Spending some time searching over the web I saw there are a lot of libraries to directly draw charts in javascript. But looking deeper I discovered the majority of them use the new HTML5 canvas tag. The canvas is a new component to render inside its area 2D shapes and images using javascript.
The first library I used was JSCharts (I did not think too much, it was at the first position in the previous link). It is very powerful but does not fit completely for my problem. The plots of the application were usually a magnitude (meters, degrees, velocity,... in the Y axis) throughout the time (X axis). In the applet version some magnitudes show a very large number of points (around ten thousand). JSCharts cannot handle such a number of points, the resulting graphs are very beautiful but too much complex for this large amount of data. There are some features that explains this fact: points are circles, a specific scatter plot does not exist and a line chart (with invisible line) must be used, time labels must be assigned separately,... All of them make JSCharts not fast enough to draw the 10,000 points in a reasonable time.
After this first disappointment I decided to just test with a direct canvas implementation (i.e. developing my own javascript that plots a very simple XY graph). But searching information about canvas I discovered a very straight forward graph library which also uses the canvas tag, RGraph. This implementation is much simpler than JSCharts and it has a direct scatter plot graph type. Developing a initial time/magnitude plot the times became very very competitive (for example RGraph scatter plot draws 10,000 points in less than a second in many browsers).

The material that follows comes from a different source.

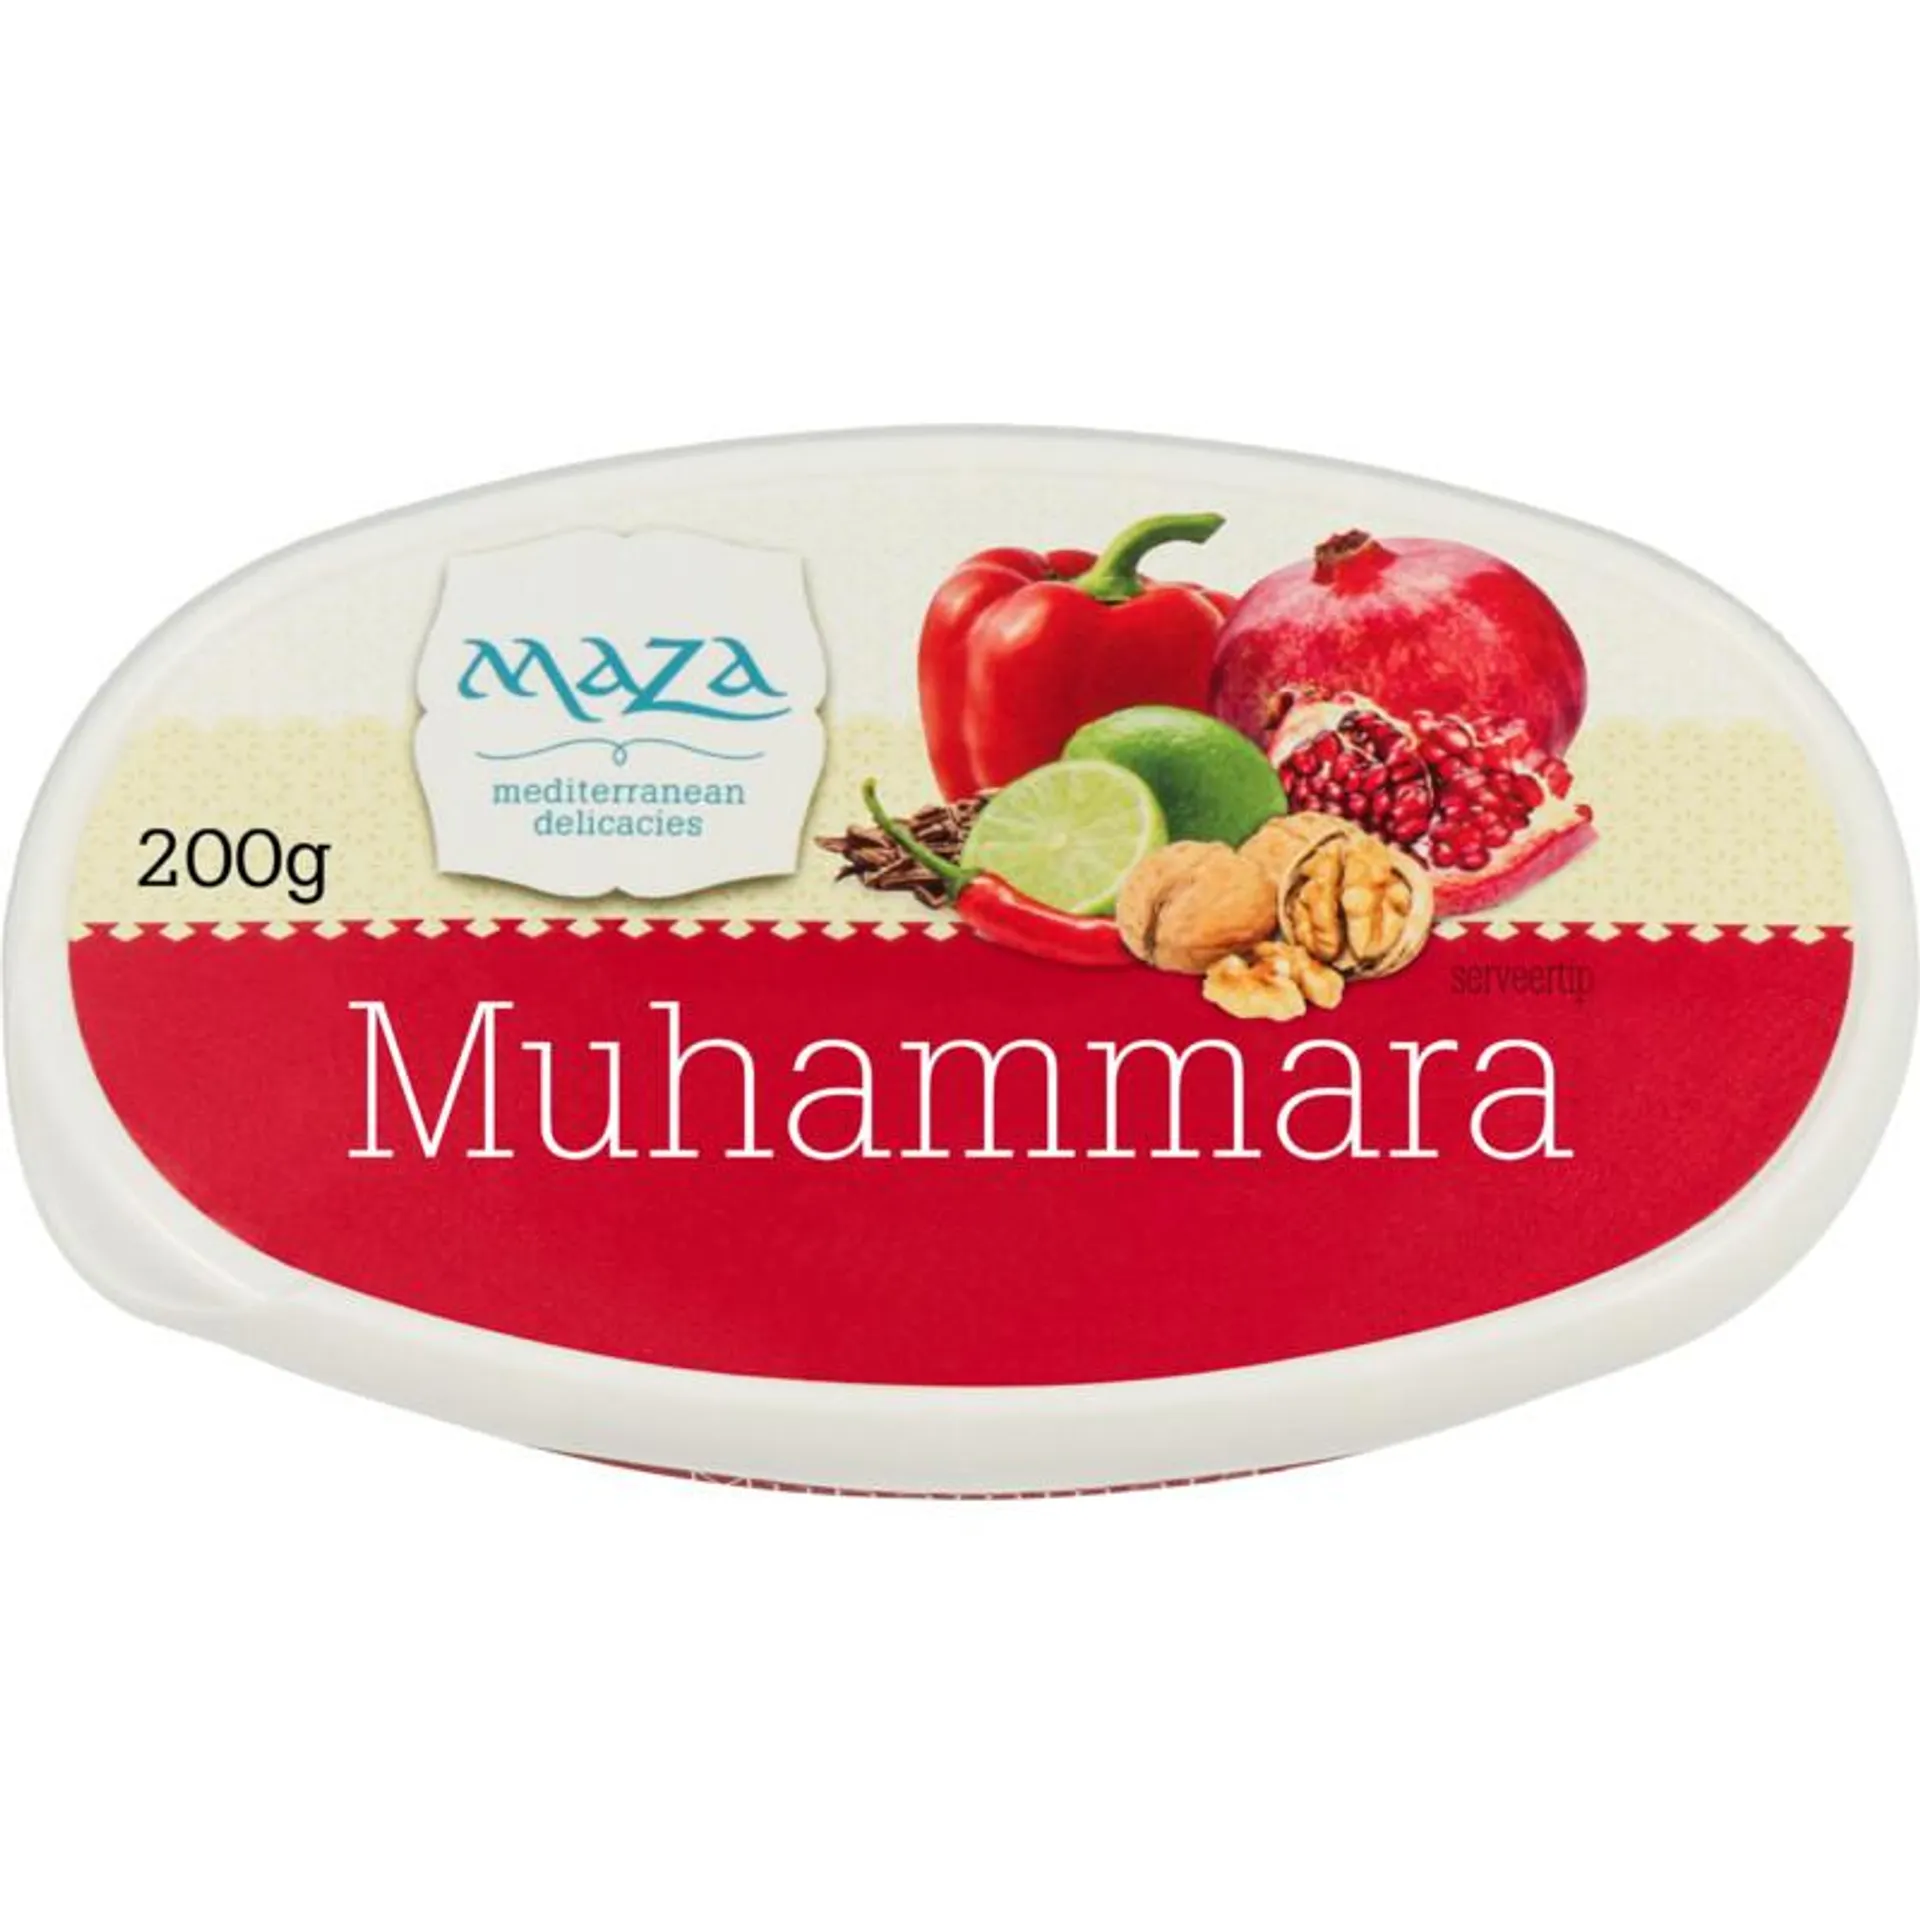 Maza muhammara

Finally a study about browser compatibility must be done. And one more time, same thing happened in the HTML5 video announcement, all Internet Explorers (included current IE8) do not support the canvas tag. Right now there is a ExCanvas project that emulates the canvas tag using VML. The solution (as you can see later) is incredibly slow and there are initiatives for doing the same using flash , silverlight or a ActiveX component. IE9, which is in beta state, is going to support canvas with many other HTML5 features. For this reason I prepared a little example of a XY plot to test usability with different numbers of points. The sample code draws a sine wave (javascript generated) in a period of time and let us change the number of points, showing finally the drawing time in a box (the part for generating the wave is not taken into account). At the end of the entry I present the little example inside an iframe (I know it is not very beautiful but this could be easily improved).

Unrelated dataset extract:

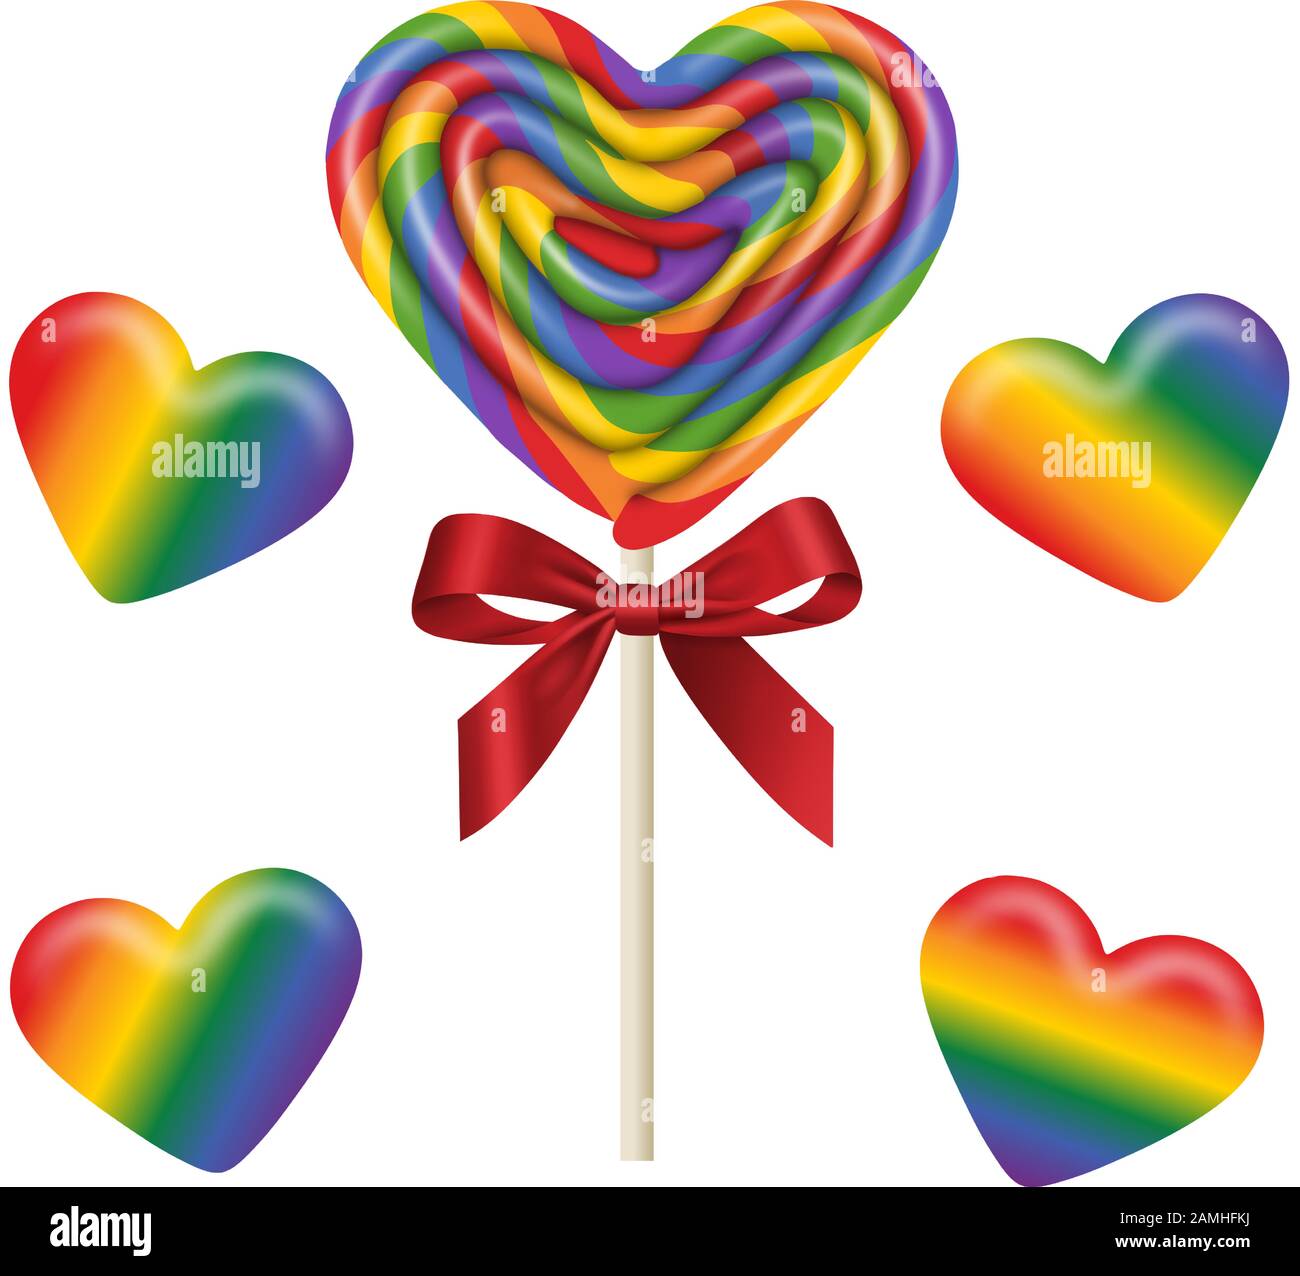 mettez des sucettes et des bonbons gummy isolés en forme de coeur aux couleurs de l'arc-en-ciel Illustration de Vecteur

When I played with the resulting graph using different browsers numbers were the following (I took them not very precisely):
| 100 points | 1,000 points | 10,000 points |
iceweasel 3.5.15 (linux) | 26ms | 80ms | 712ms |
chromium 6.0.472.63 (linux) | 10ms | 18ms | 98ms |
firefox 3.6.12 (Windows) | 32ms | 130ms | 1,018ms |
firefox 4.0 Beta 7 (Windows) | 32ms | 120ms | 970ms |
chrome 7.0.517.44 (Windows) | 11ms | 32ms | 240ms |
IE8+ExCanvas (Windows) | 800ms | 3,850ms | 70,000ms+ |
IE9 Preview 7 (Windows) | 17ms | 65ms | 500ms |
Opera 10.63 (Windows) | 25ms | 49ms | 305ms |
My conclusion is a HTML5 plot solution results usable in any browser that supports canvas, but IE8 kills us again. Any canvas graph is fateful for many windows users. I decided some time ago to trigger all HTML5 new features when debian testing will distribute iceweasel 3.6 (squeeze must be released before) and chromium 6.0 (it is already) and IE9 will be released. As you can see in the numbers, times are very good in the last versions of the browsers and even better in the future ones. You already know but it is absolutely necessary to keep our browsers in their last versions. Now there are a lot of options (free, open source, distributed with the OS,...), so there is no excuse. Make web developers life easier...
Please, upgrade your browser!!!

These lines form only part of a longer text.